Cadonilimab is a first-in-class bispecific antibody that targets both PD-1 and CTLA-4 developed by Akeso. It is a symmetric tetravalent bispecific antibody with a crystallizable fragment (Fc)-null design. In addition to demonstrating biological activity similar to that of the combination of CTLA-4 and PD-1 antibodies, cadonilimab possesses higher binding avidity in a high-density PD-1 and CTLA-4 setting than in a low-density PD-1 setting, while a mono-specific anti-PD-1 antibody does not demonstrate this differential activity. With no binding to Fc receptors, cadonilimab shows minimal antibody-dependent cellular cytotoxicity, antibody-dependent cellular phagocytosis, and interleukin-6 (IL-6)/IL-8 release. These features all likely contribute to significantly lower toxicities of cadonilimab observed in the clinic. Higher binding avidity of cadonilimab in a tumor-like setting and Fc-null design may lead to better drug retention in tumors and improve safety while achieving anti-tumor efficacy.
The China National Medical Products Administration has approved cadonilimab for recurrent or metastatic cervical cancer. Cadonilimab has been included and recommended in multiple clinical guidelines such as CSCO. Cadonilimab has been engaged in more than 60 ongoing clinical trials including investigator-initiated studies. Phase 3 study of cadonilimab for first-line treatment of gastric cancer has met its endpoint of PFS. A phase 3 study of cadonilimab as an adjuvant treatment for hepatocellular carcinoma is ongoing. Furthermore, a Phase 3 study comparing cadonilimab with chemotherapy to tislelizumab Injection with chemotherapy is underway for the first-line treatment of PD-L1 expression-negative non-small cell lung cancer.
About Akeso, Inc.
Akeso (HKEX: 09926) is a commercial-stage biopharmaceutical company committed to discovering, developing, manufacturing, and commercializing innovative medicines that address significant medical needs globally. Since our inception, we have established a distinctive and integrated R&D innovation system with the comprehensive end-to-end drug development platform (ACE Platform) and bi-specific antibody drug development technology (Tetrabody) as the fundamental components, a GMP-compliant manufacturing system and a commercialization system with an advanced operation mode.

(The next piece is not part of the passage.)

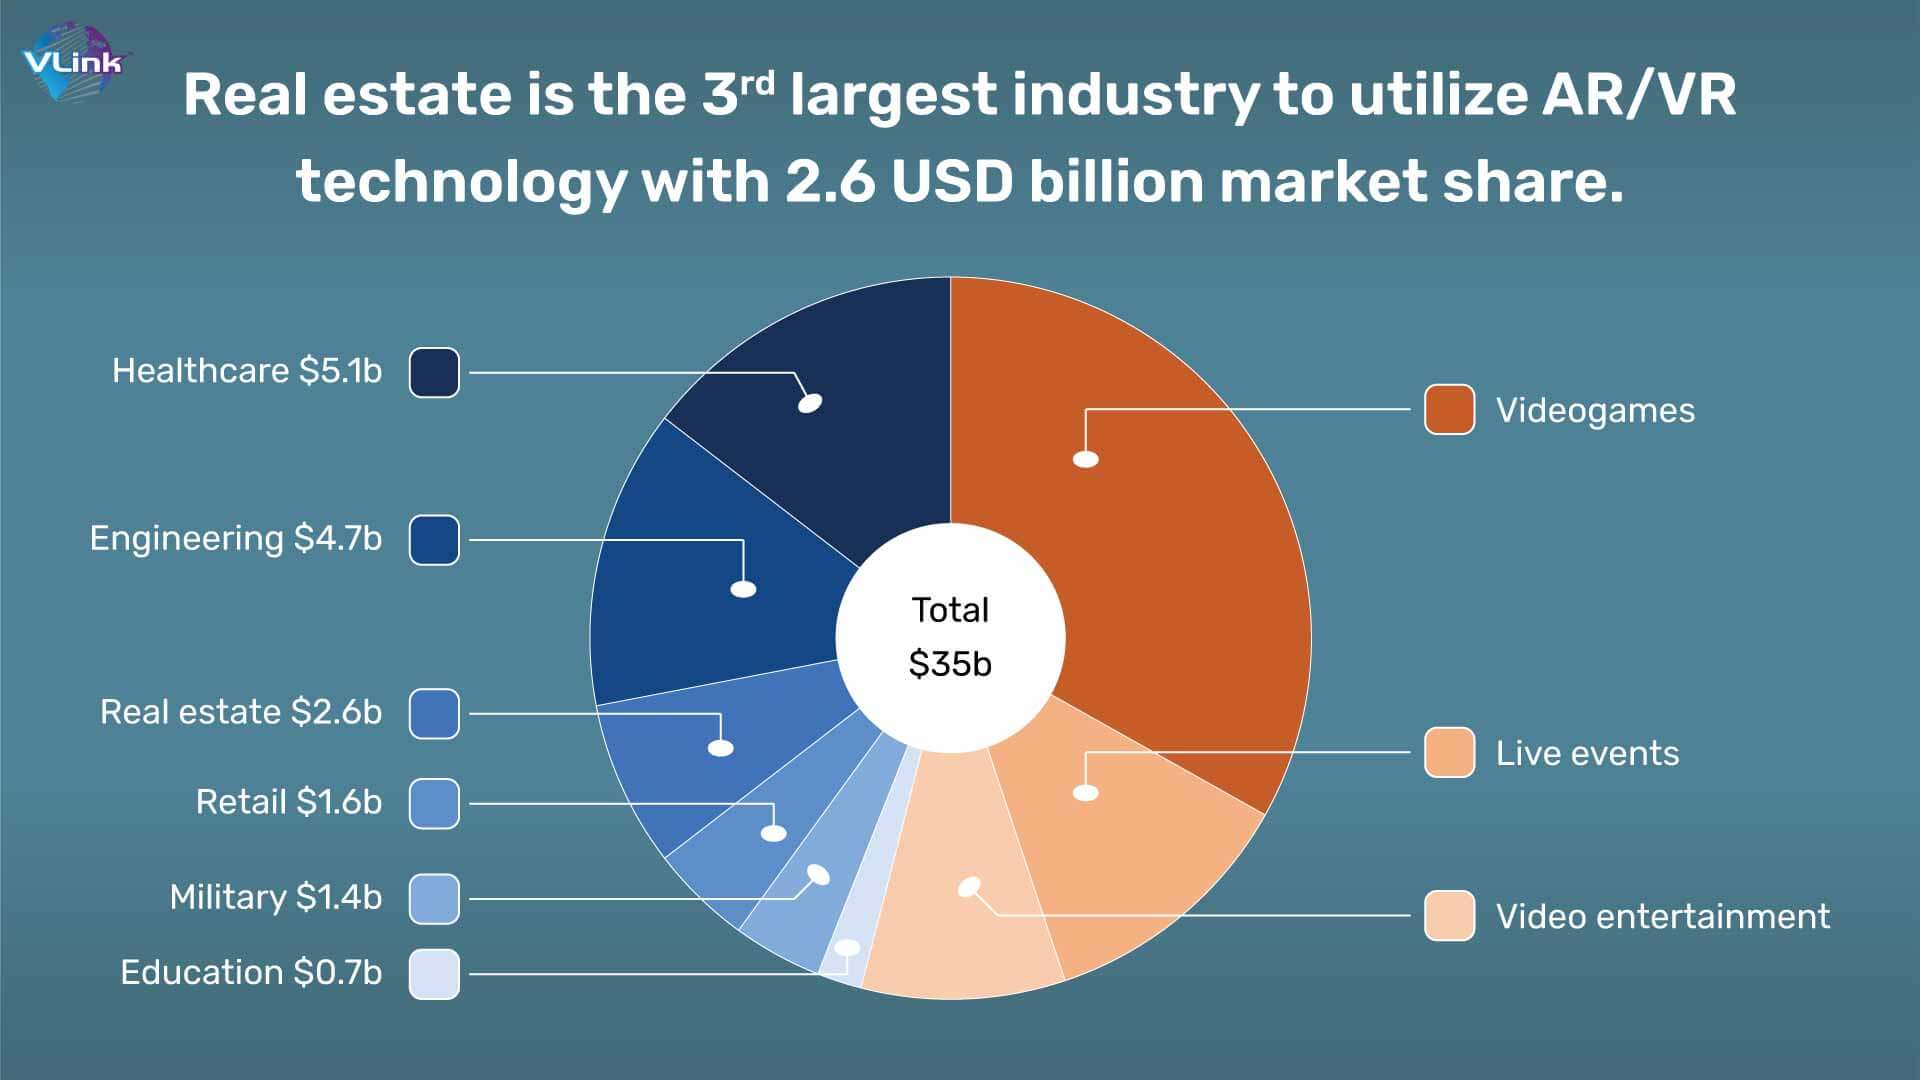 Real estate is the 3rd largest industry to utilize ARVR technology with 2.6 USD billion market share

Akeso is actively developing a diverse pipeline of over 30 innovative assets in areas such as cancer, autoimmune disease, inflammation, metabolic disease, and other therapeutic fields. Among these, 19 assets have entered the clinical stage, with 3 innovative drugs already approved, 13 Phase III studies ongoing. Utilizing its proprietary Tetrabody technology, Akeso has successfully developed the first-in-class PD-1/CTLA-4 bispecific antibody drug for the market. Additionally, the company has five other innovative bispecific antibody drugs in the clinical stage, including ivonescimab (PD-1/VEGF), PD-1/LAG-3, TIGIT/TGF-Beta, PD-1/CD73, and claudin18.2/CD47 bispecific antibodies.

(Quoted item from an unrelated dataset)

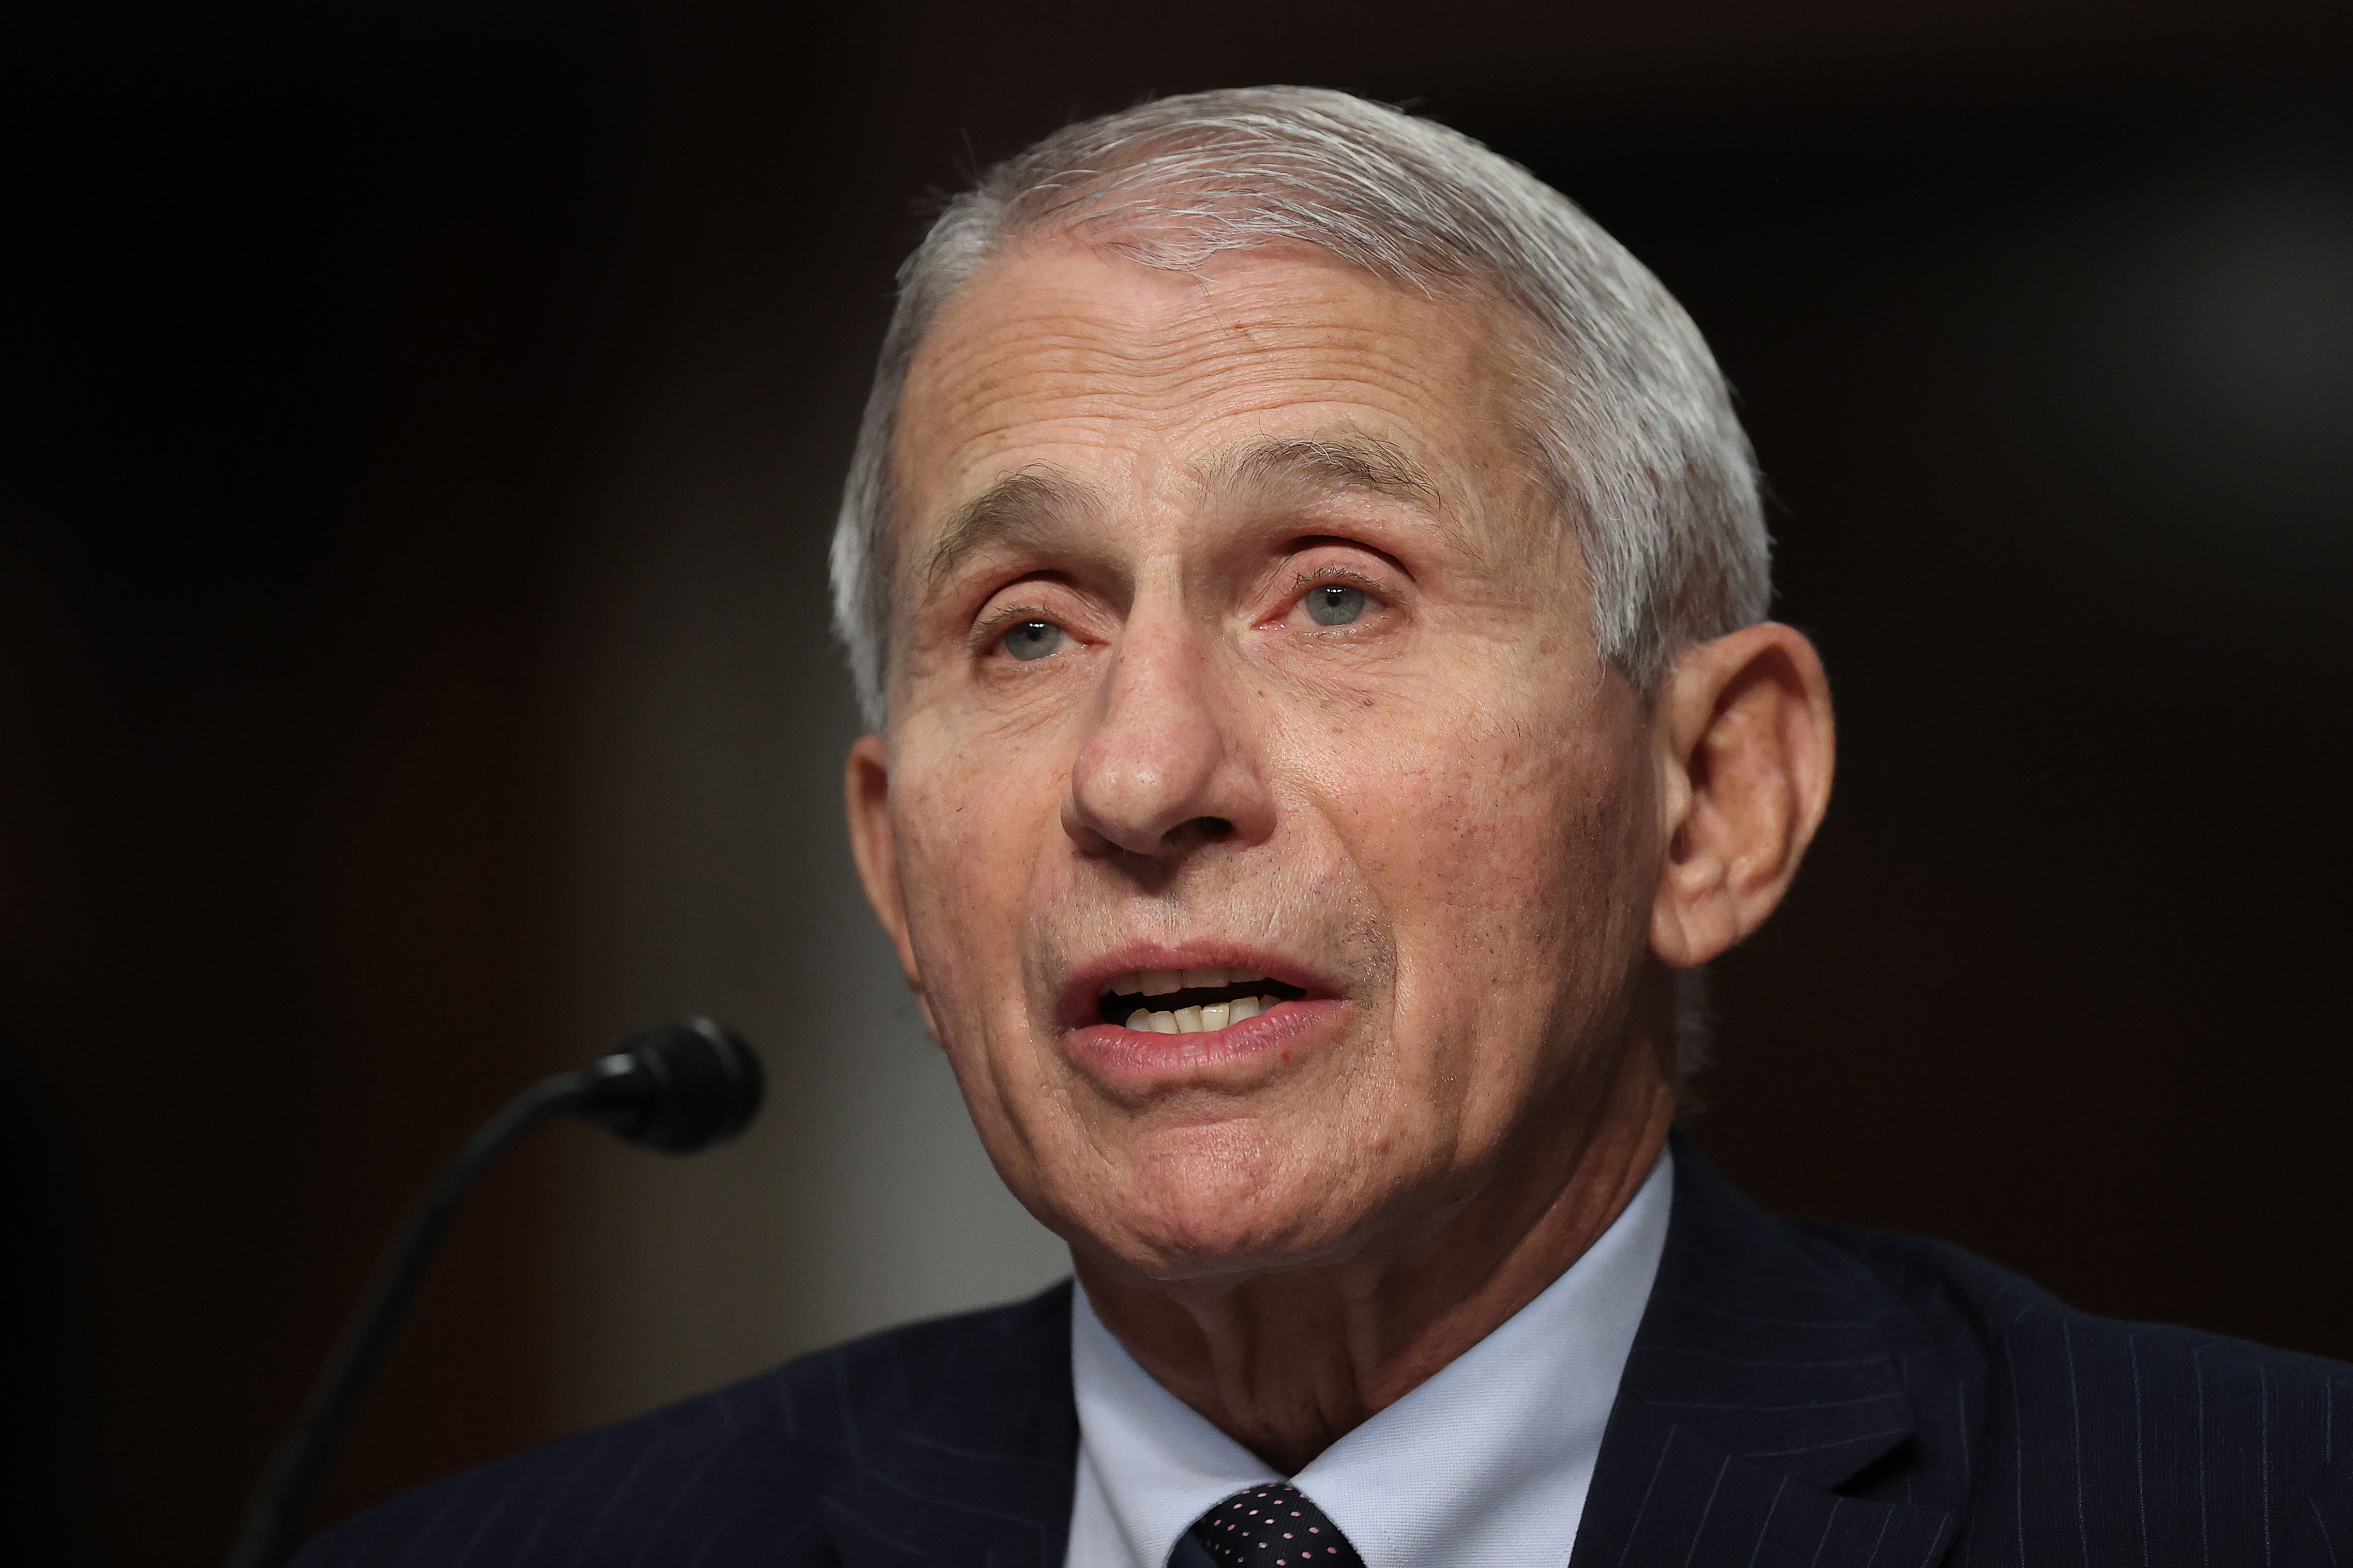 Dr. Anthony Fauci, director of the National Institute of Allergy and Infectious Diseases, testifies in Washington, DC, on November 4.

In June 2022, cadonilimab was approved by the NMPA and became the first commercialized bispecific IO drug globally. Another Akeso internally discovered and developed oncology product, penpulimab (a PD-1 antibody), was granted marketing approval in China in August 2021. In December 2022, Akeso entered into a collaboration and license agreement for up to US$5 billion with Summit Therapeutics to accelerate global development and commercialization of ivonescimab. In August, the NDA submission of ivonescimab was accepted by China’s NMPA with priority review. Akeso is listed on the Main Board of the Stock Exchange of Hong Kong Limited.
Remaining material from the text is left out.